**Exercise directions:**
Starting at the first line of the listing below, retype each line up to and including the one that contains "ARRIS Surfboard SB6190". Leave pictures out.

━━━ Input data

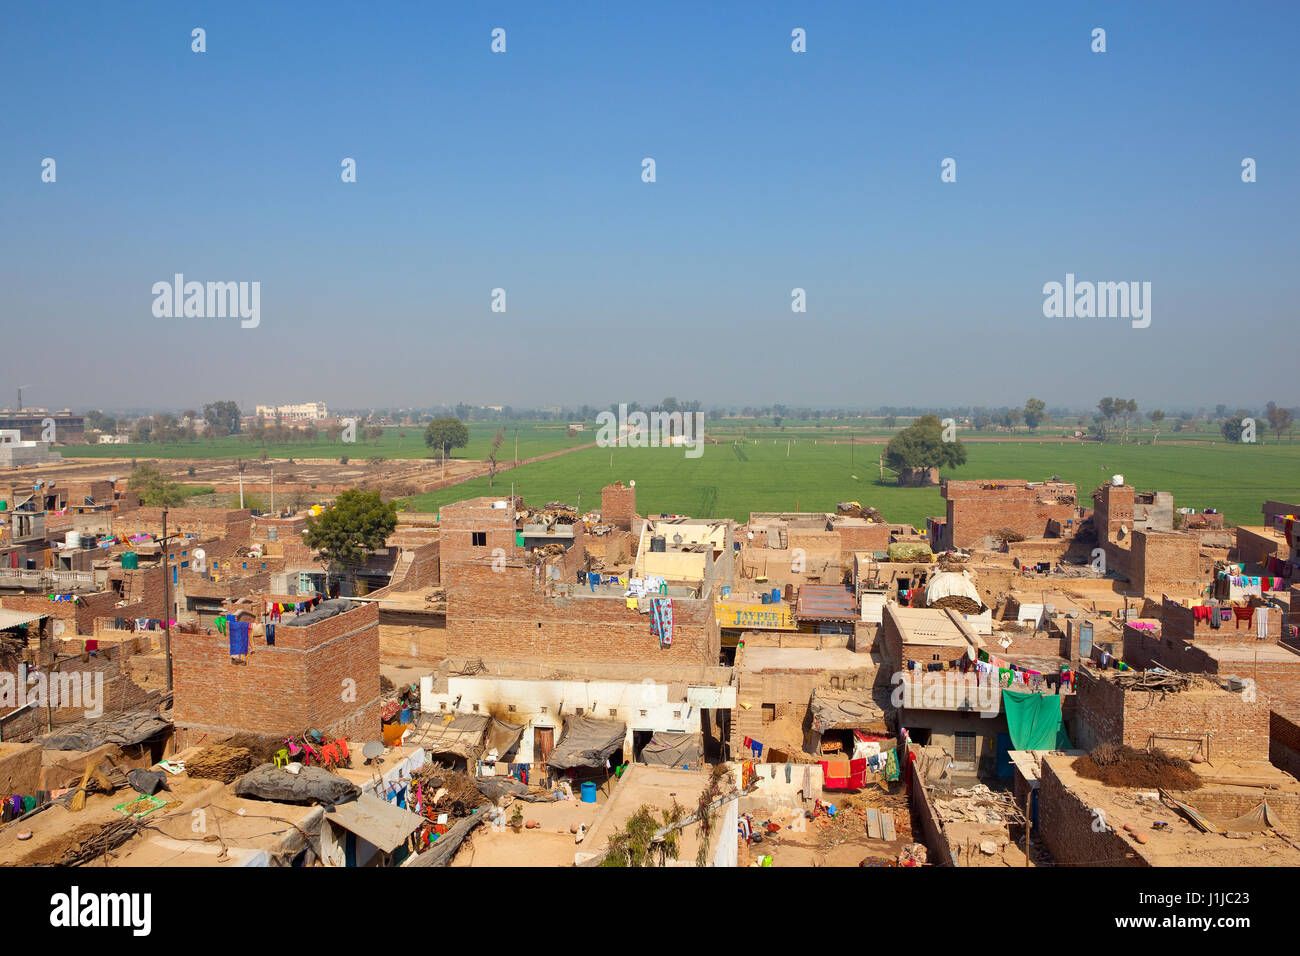 daily life in hanumangarh town viewed from bhatner fort in rajasthan india with the agricultural countryside in the distance under a blue sky Stock Photo
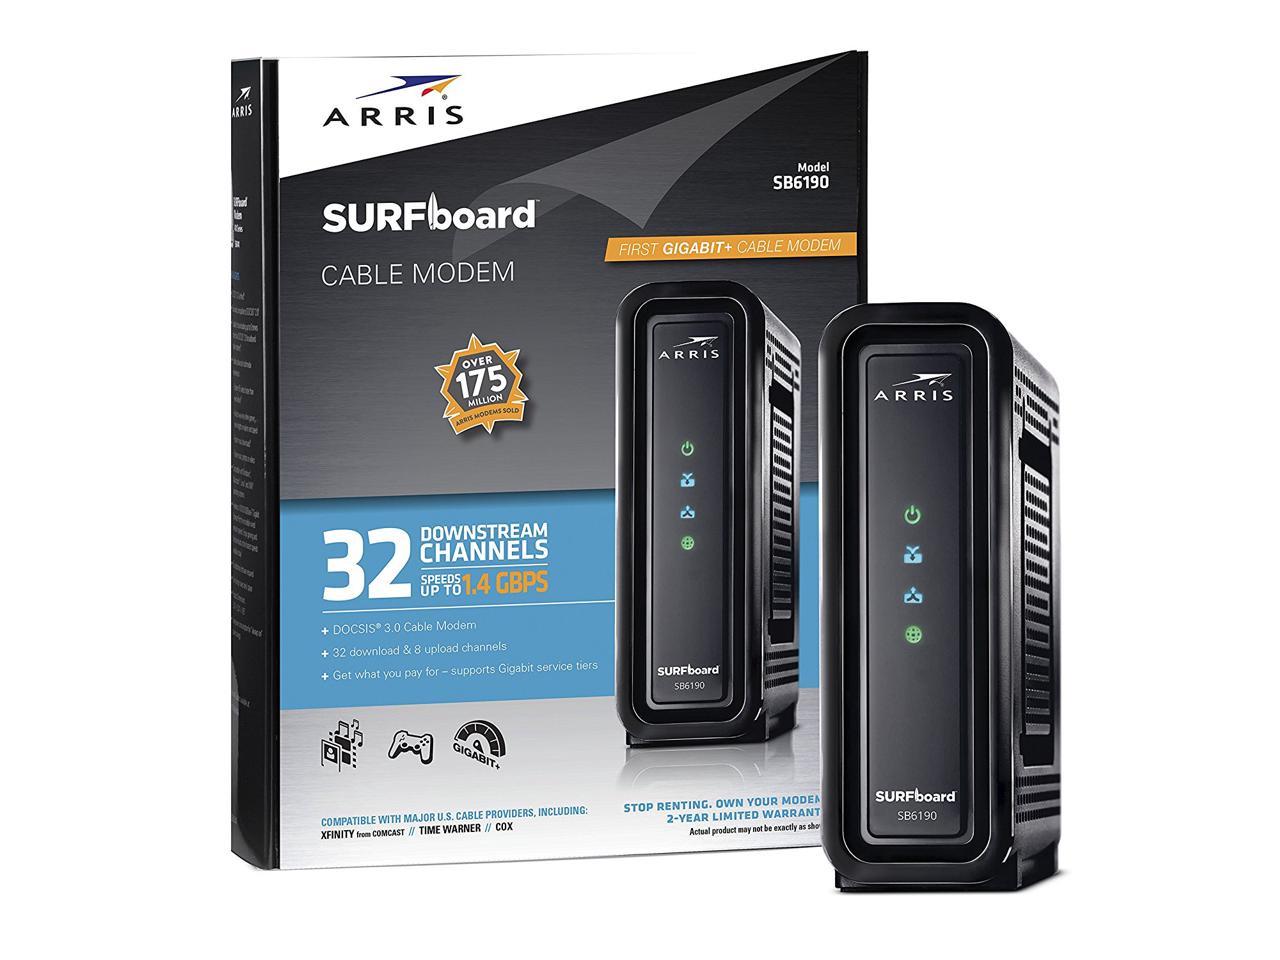 ARRIS Surfboard SB6190 32x8 DOCSIS 3.0 Cable Modem with 1.4 Gbps Download and 262 Upload Speeds Renewed White Non-Retail Packaging 
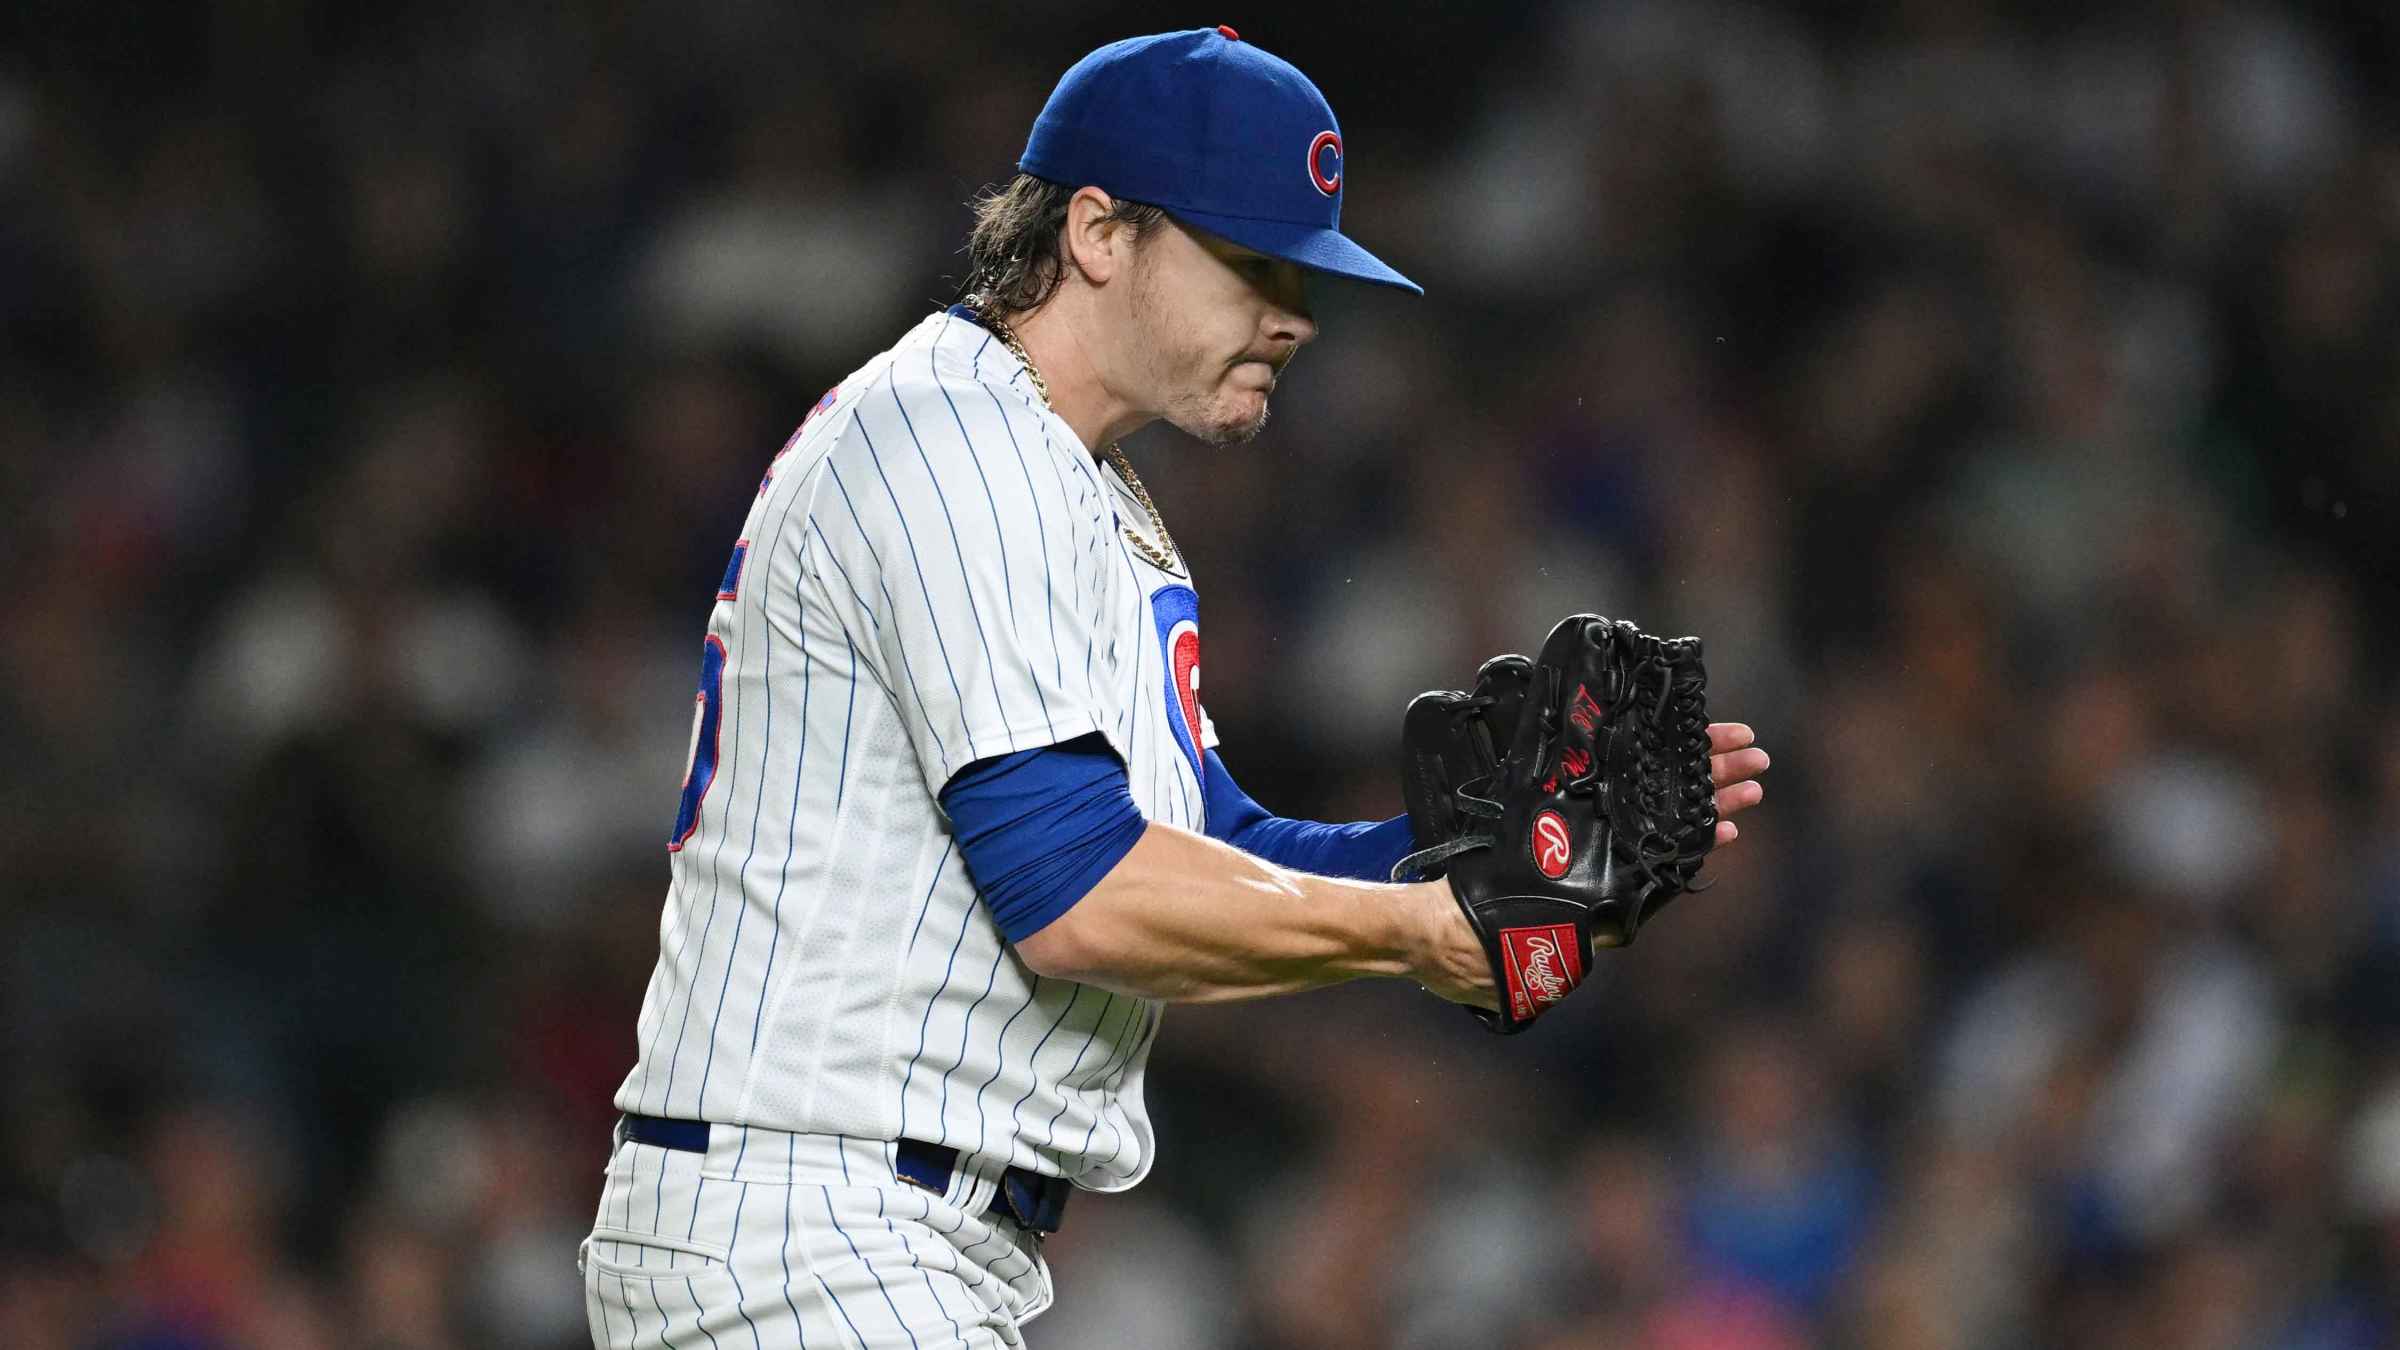 REKAP: ⚾️ Chicago Cubs 4-0 Opening Day Win Over the Milwaukee Brewers

━━━━━━

**Solution:**
 daily life in hanumangarh town viewed from bhatner fort in rajasthan india with the agricultural countryside in the distance under a blue sky Stock Photo
 ARRIS Surfboard SB6190 32x8 DOCSIS 3.0 Cable Modem with 1.4 Gbps Download and 262 Upload Speeds Renewed White Non-Retail Packaging 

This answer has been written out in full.